● Information shown:
+++

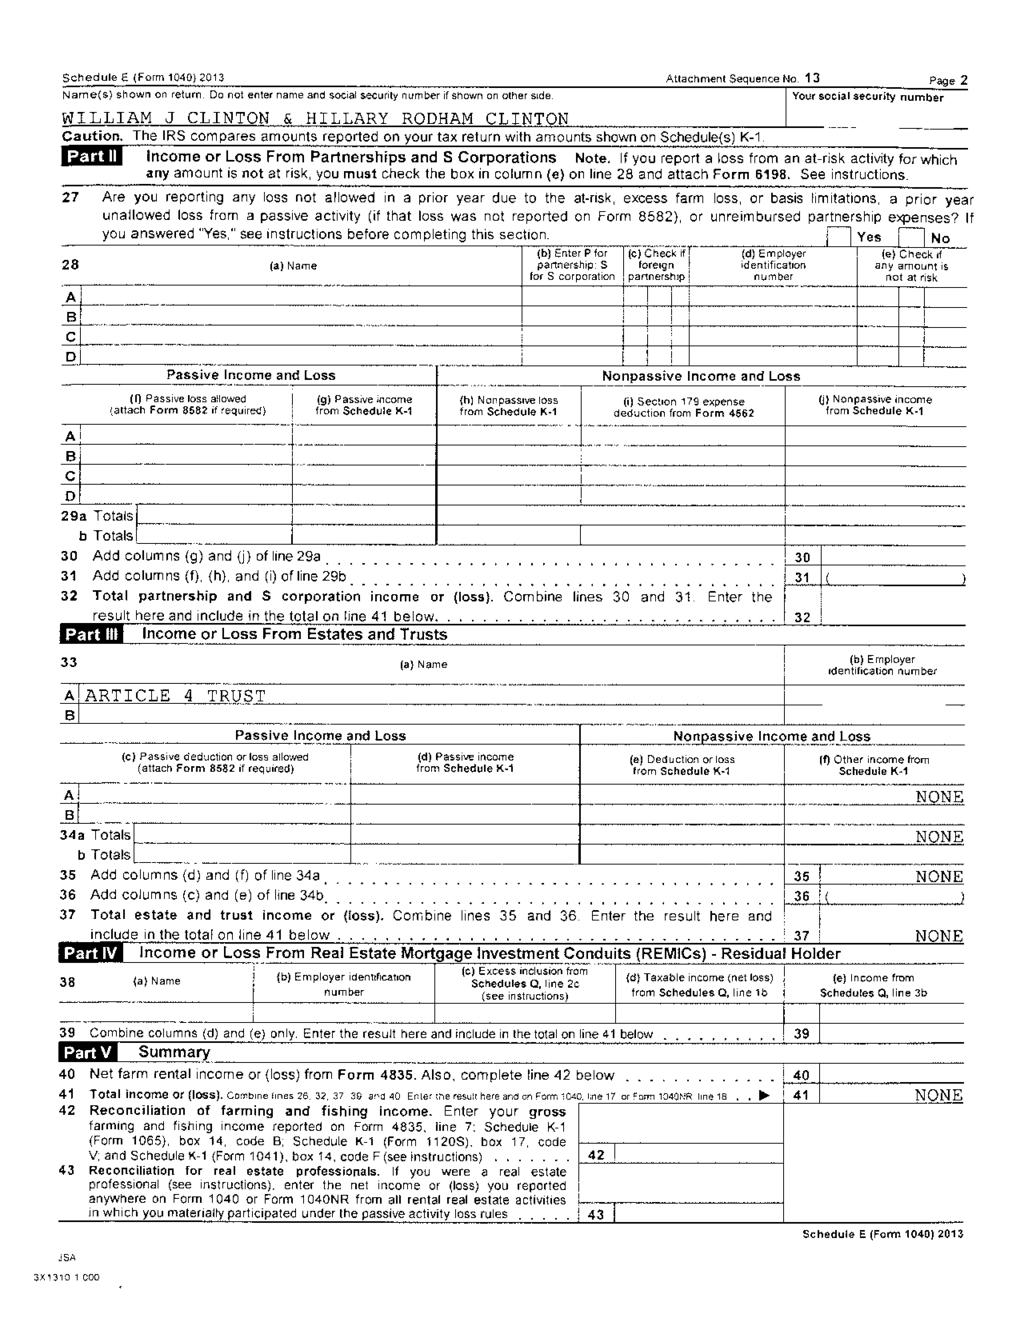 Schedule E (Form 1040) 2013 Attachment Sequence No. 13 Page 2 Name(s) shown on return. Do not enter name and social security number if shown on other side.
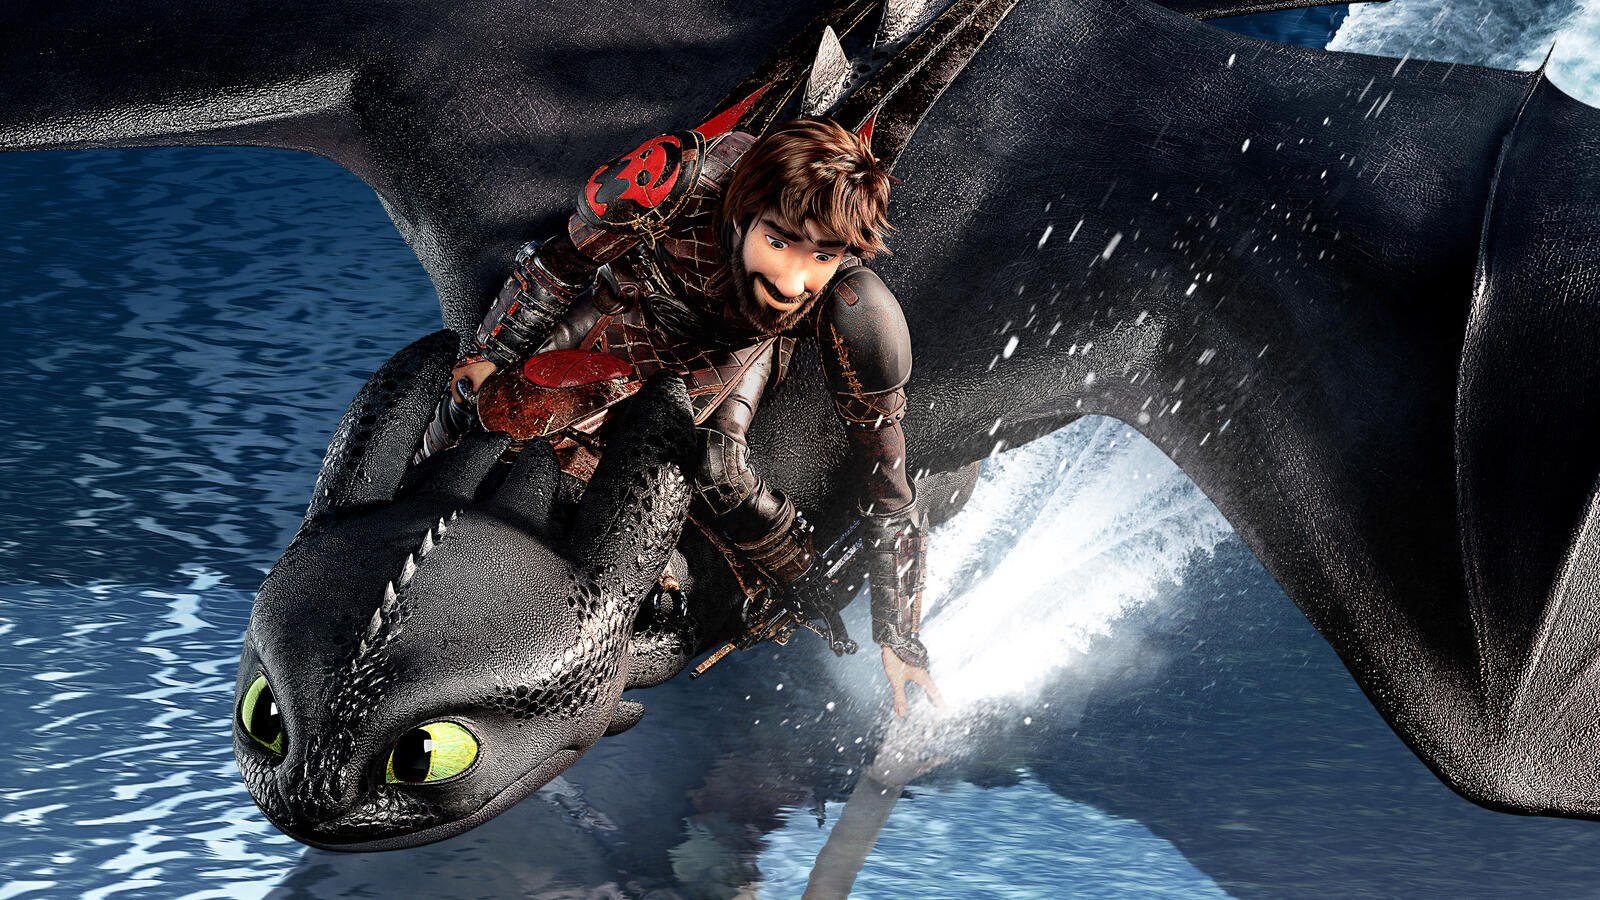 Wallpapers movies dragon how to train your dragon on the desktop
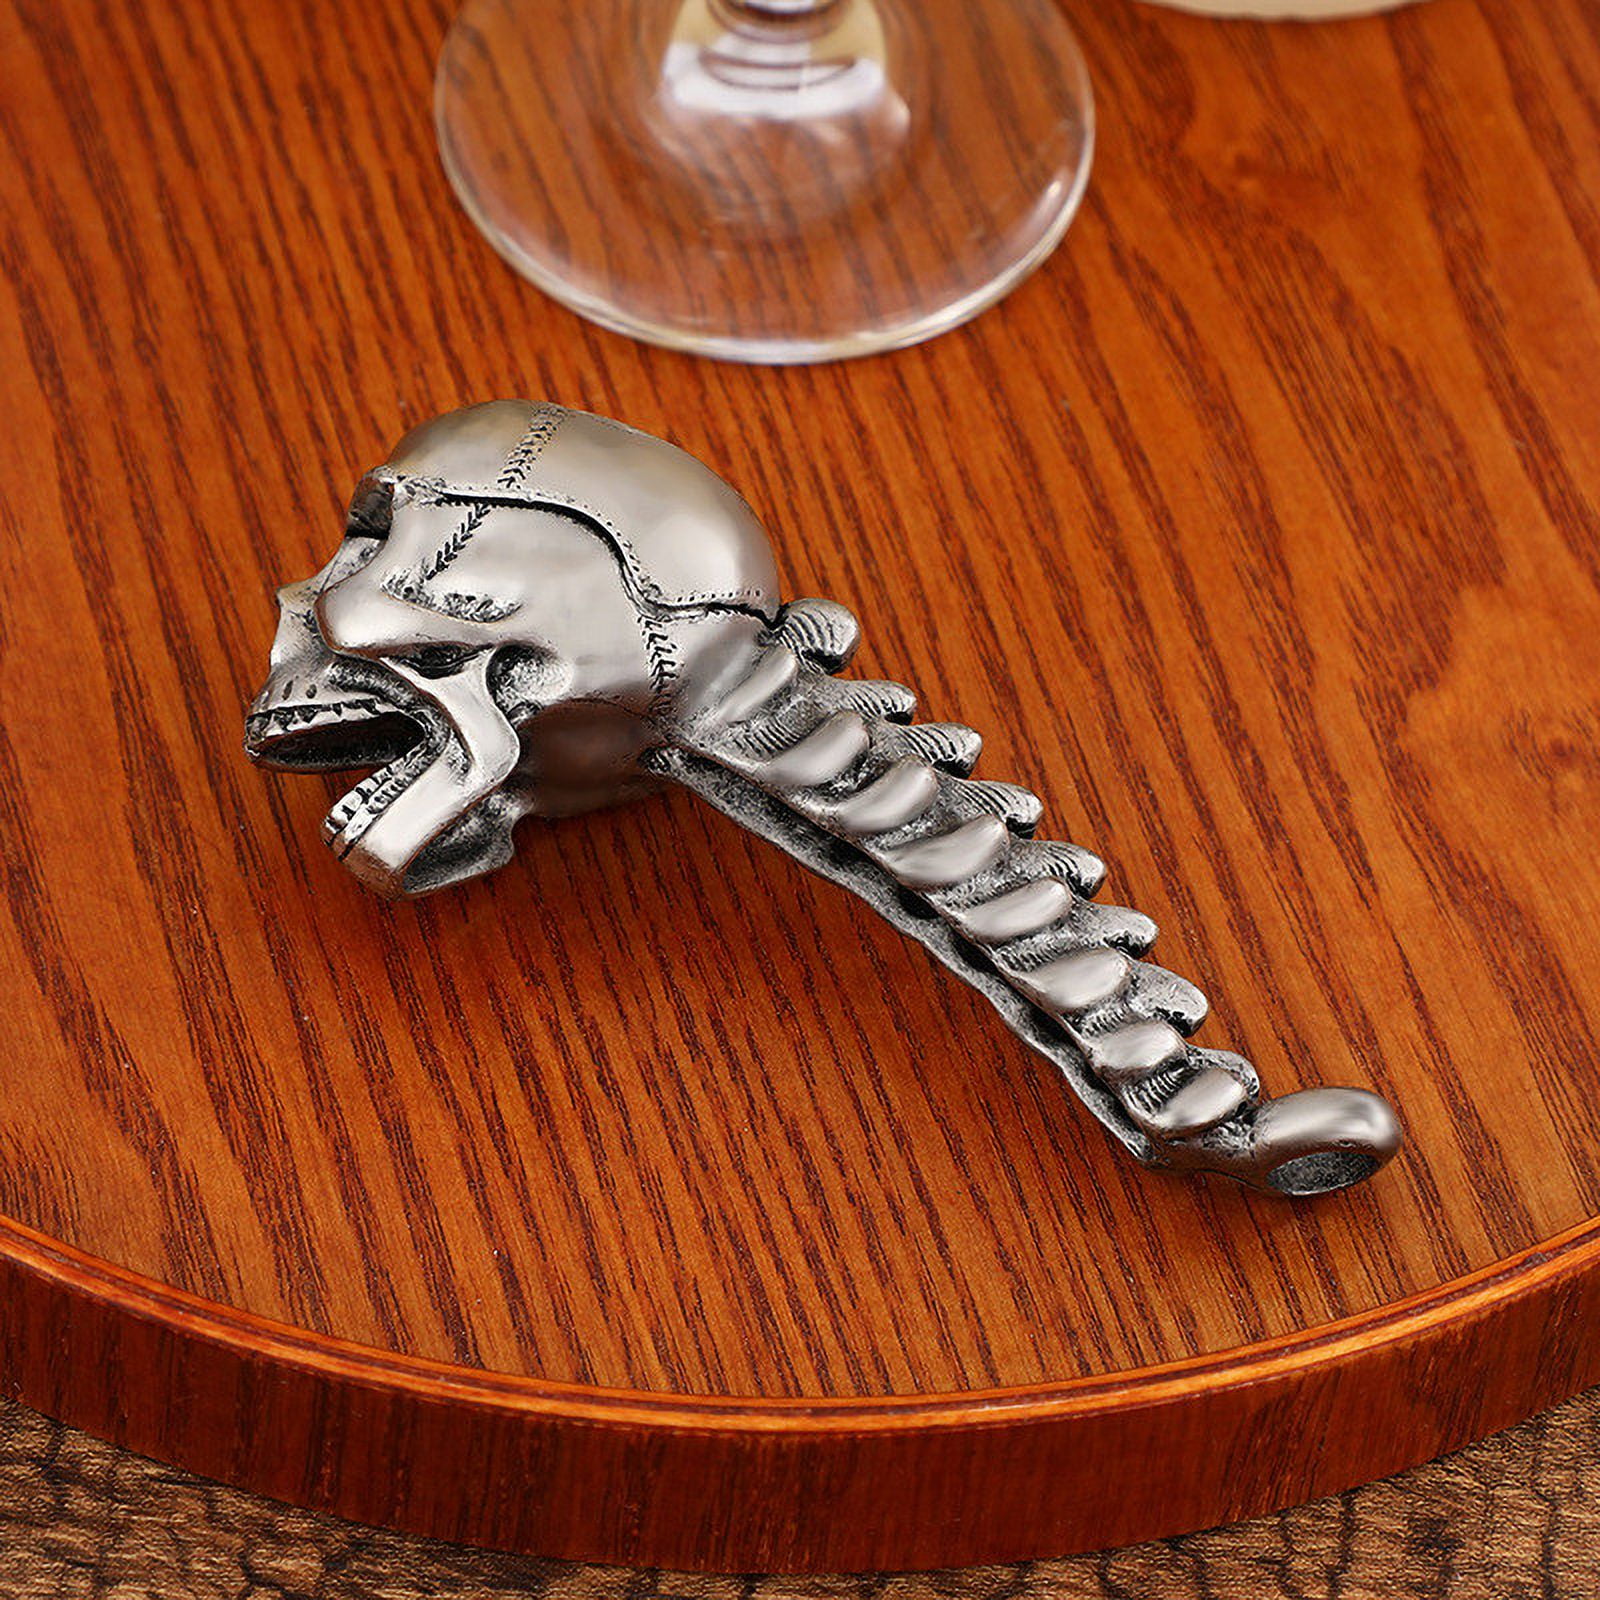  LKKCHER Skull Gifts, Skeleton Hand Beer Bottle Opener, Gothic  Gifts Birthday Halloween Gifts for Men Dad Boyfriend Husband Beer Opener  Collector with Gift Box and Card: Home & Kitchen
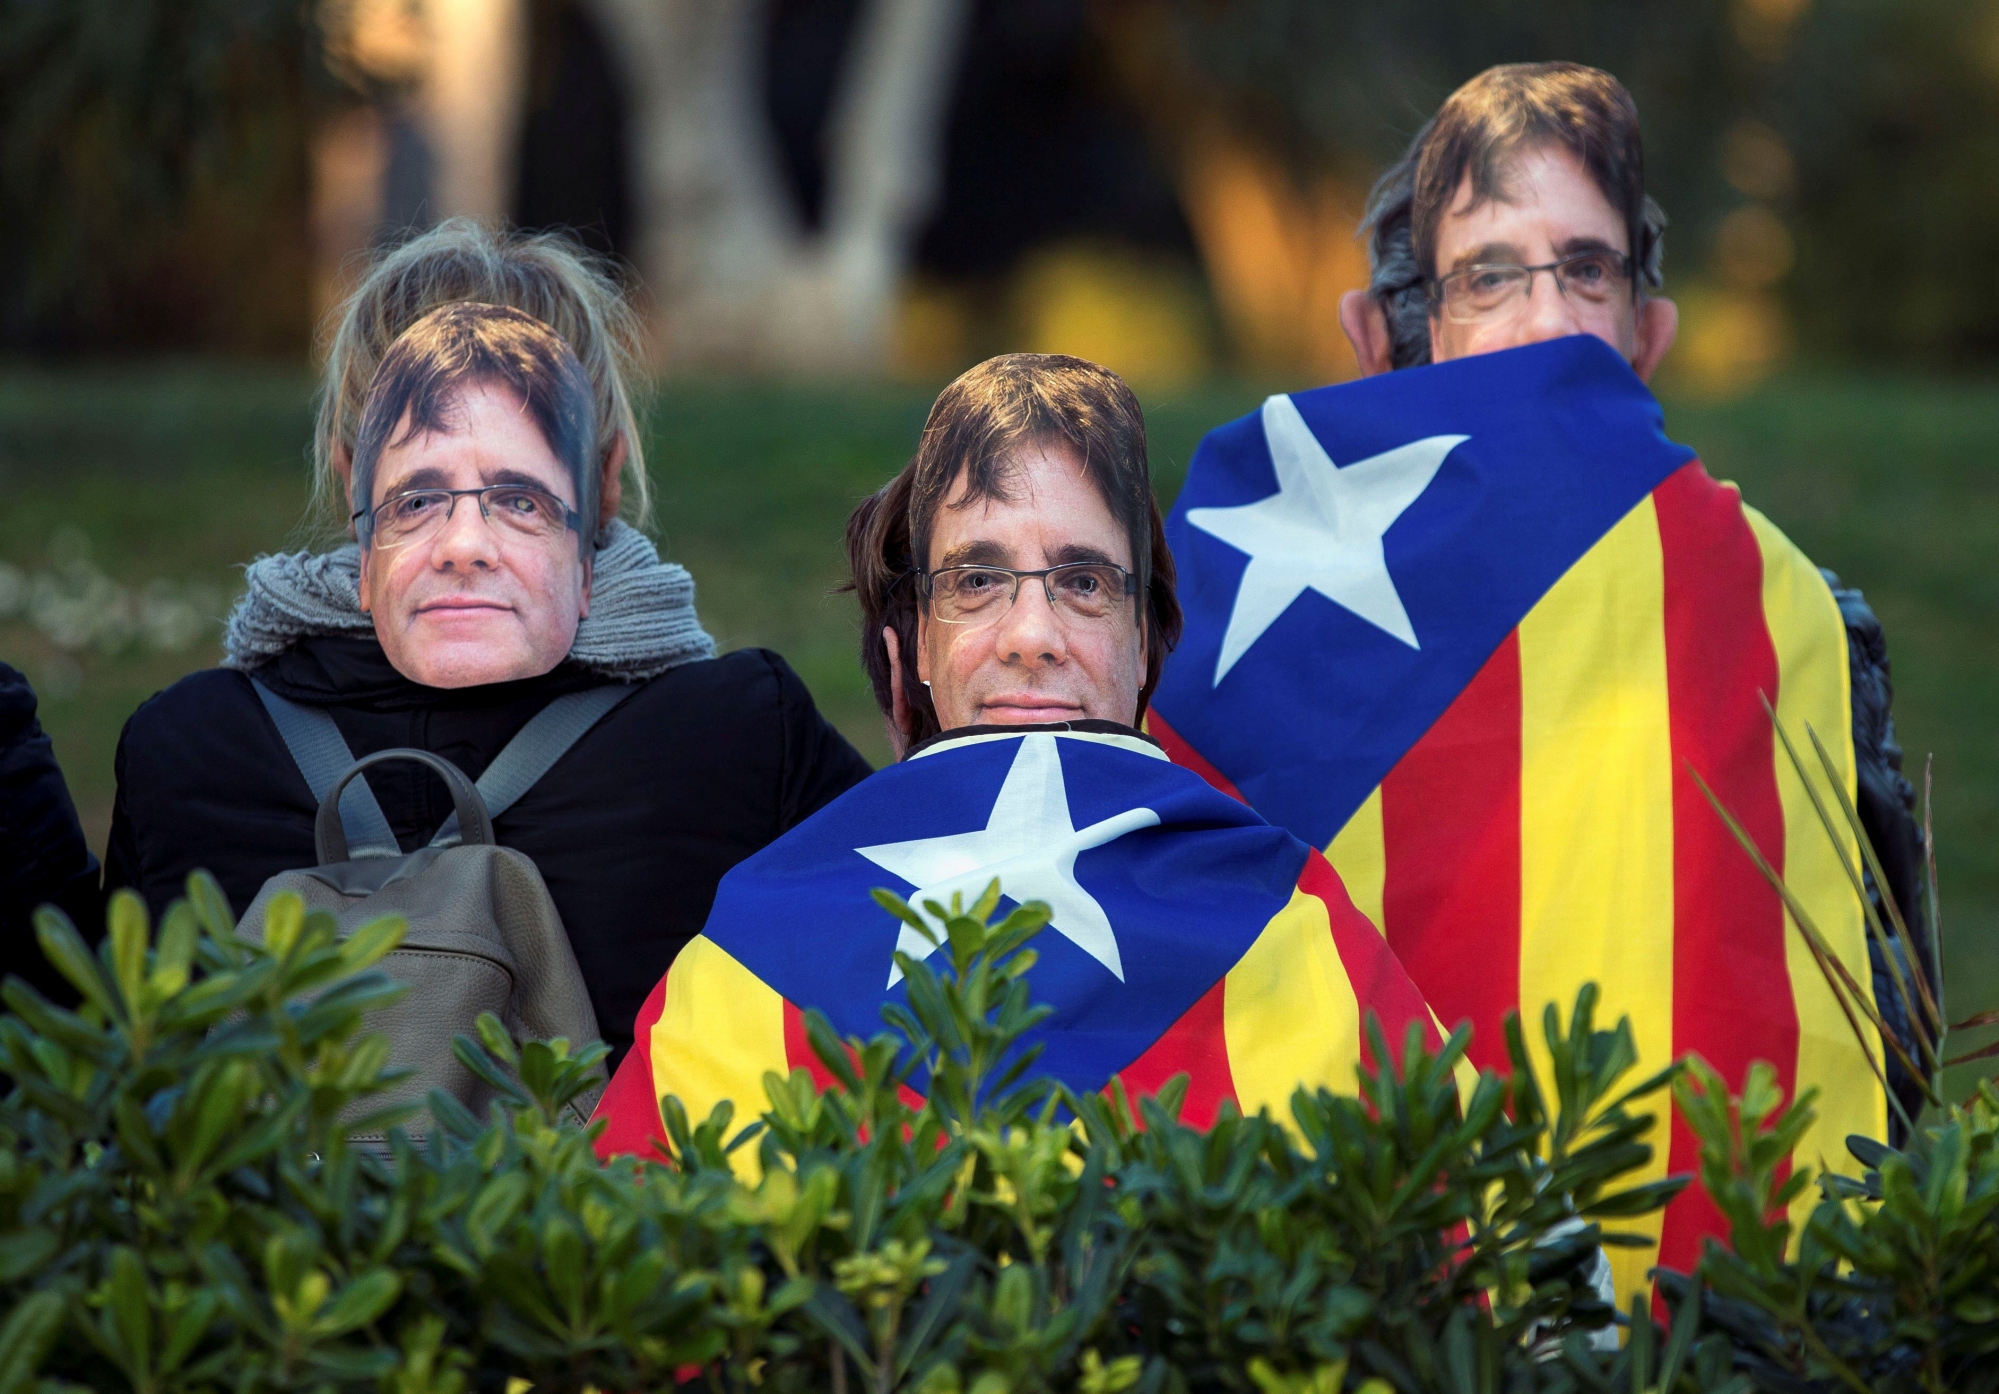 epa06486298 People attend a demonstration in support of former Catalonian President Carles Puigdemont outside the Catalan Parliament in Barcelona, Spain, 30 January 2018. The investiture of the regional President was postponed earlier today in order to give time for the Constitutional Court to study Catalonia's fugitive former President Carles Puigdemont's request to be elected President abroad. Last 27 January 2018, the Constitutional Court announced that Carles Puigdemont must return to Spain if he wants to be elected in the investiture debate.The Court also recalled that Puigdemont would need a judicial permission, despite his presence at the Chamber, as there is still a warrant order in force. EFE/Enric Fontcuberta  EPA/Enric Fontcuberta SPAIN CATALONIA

+++

In the listing above, find the line with "Wallpapers movies dragon" and the line with "LKKCHER Skull Gifts, Skeleton". Output both, plus every line between them, and no pictures.

 Wallpapers movies dragon how to train your dragon on the desktop
  LKKCHER Skull Gifts, Skeleton Hand Beer Bottle Opener, Gothic  Gifts Birthday Halloween Gifts for Men Dad Boyfriend Husband Beer Opener  Collector with Gift Box and Card: Home & Kitchen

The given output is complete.